The data:
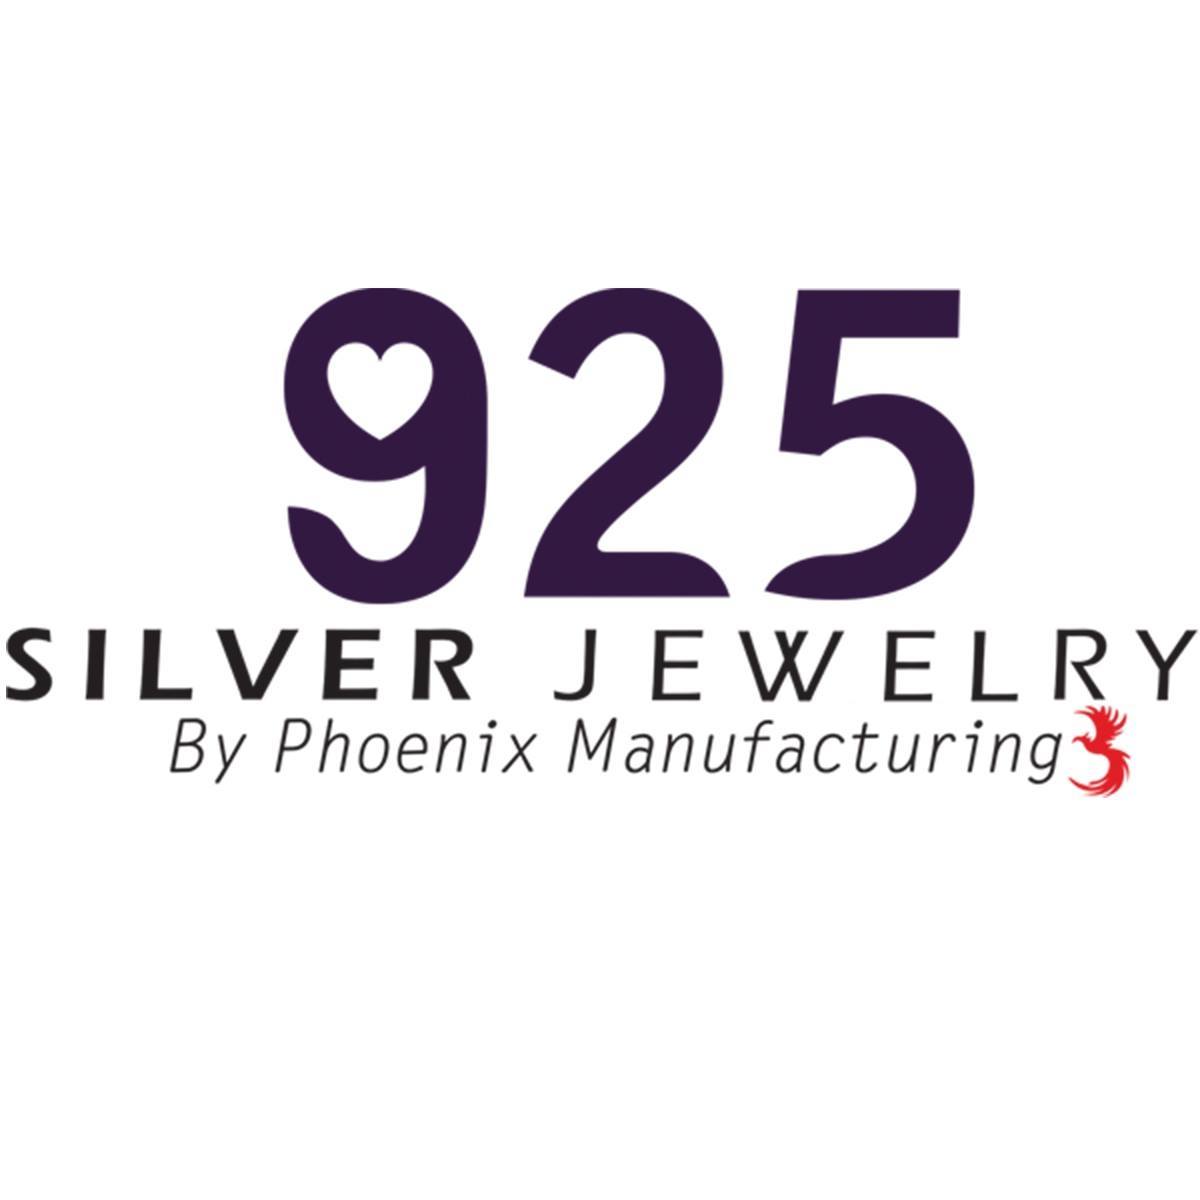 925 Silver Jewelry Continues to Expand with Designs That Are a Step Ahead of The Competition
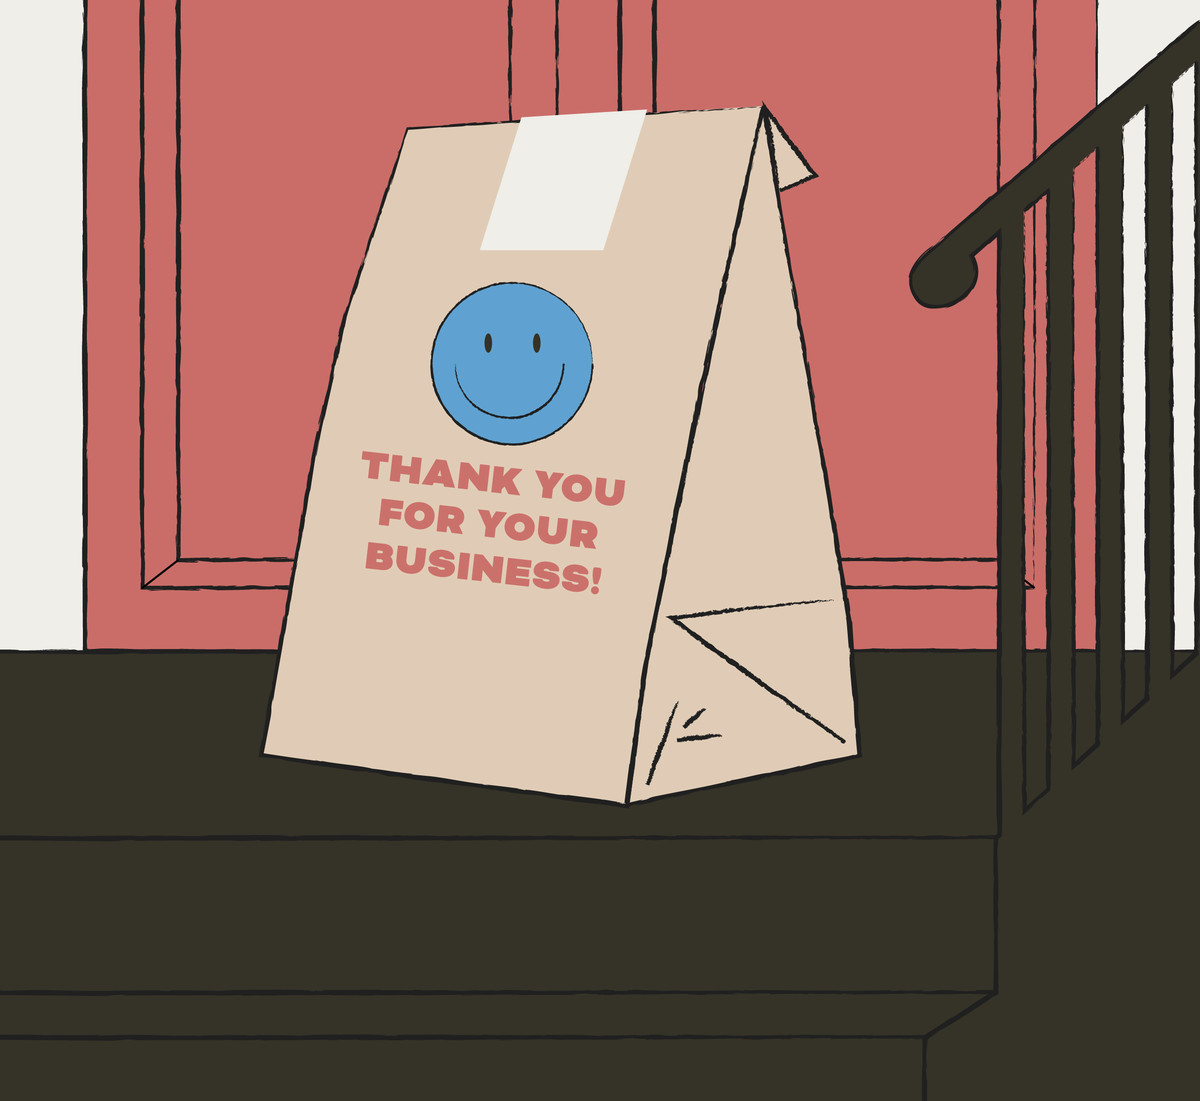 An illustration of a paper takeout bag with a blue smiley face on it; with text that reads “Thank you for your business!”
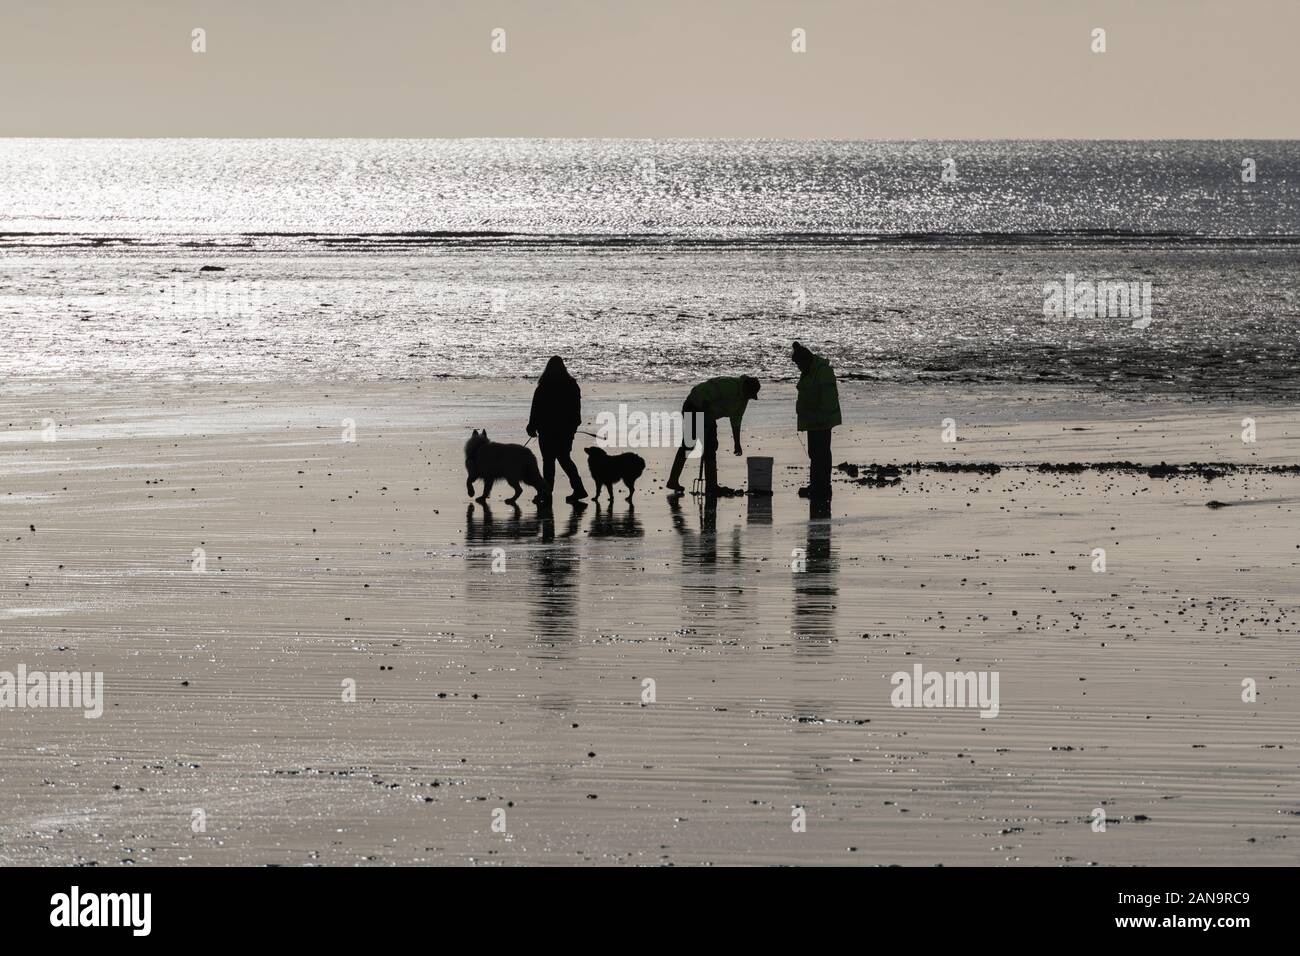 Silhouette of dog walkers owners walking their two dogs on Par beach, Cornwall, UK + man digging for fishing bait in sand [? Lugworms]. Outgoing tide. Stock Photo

==

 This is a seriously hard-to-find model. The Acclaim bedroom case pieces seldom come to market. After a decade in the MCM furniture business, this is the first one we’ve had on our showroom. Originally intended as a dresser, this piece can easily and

Your goal: Working from the data above, repeat exactly, and only, the lines that begin at the line containing "925 Silver Jewelry" and stop after the line containing "An illustration of"; pictures are not copied.

Written response:
 925 Silver Jewelry Continues to Expand with Designs That Are a Step Ahead of The Competition
 An illustration of a paper takeout bag with a blue smiley face on it; with text that reads “Thank you for your business!”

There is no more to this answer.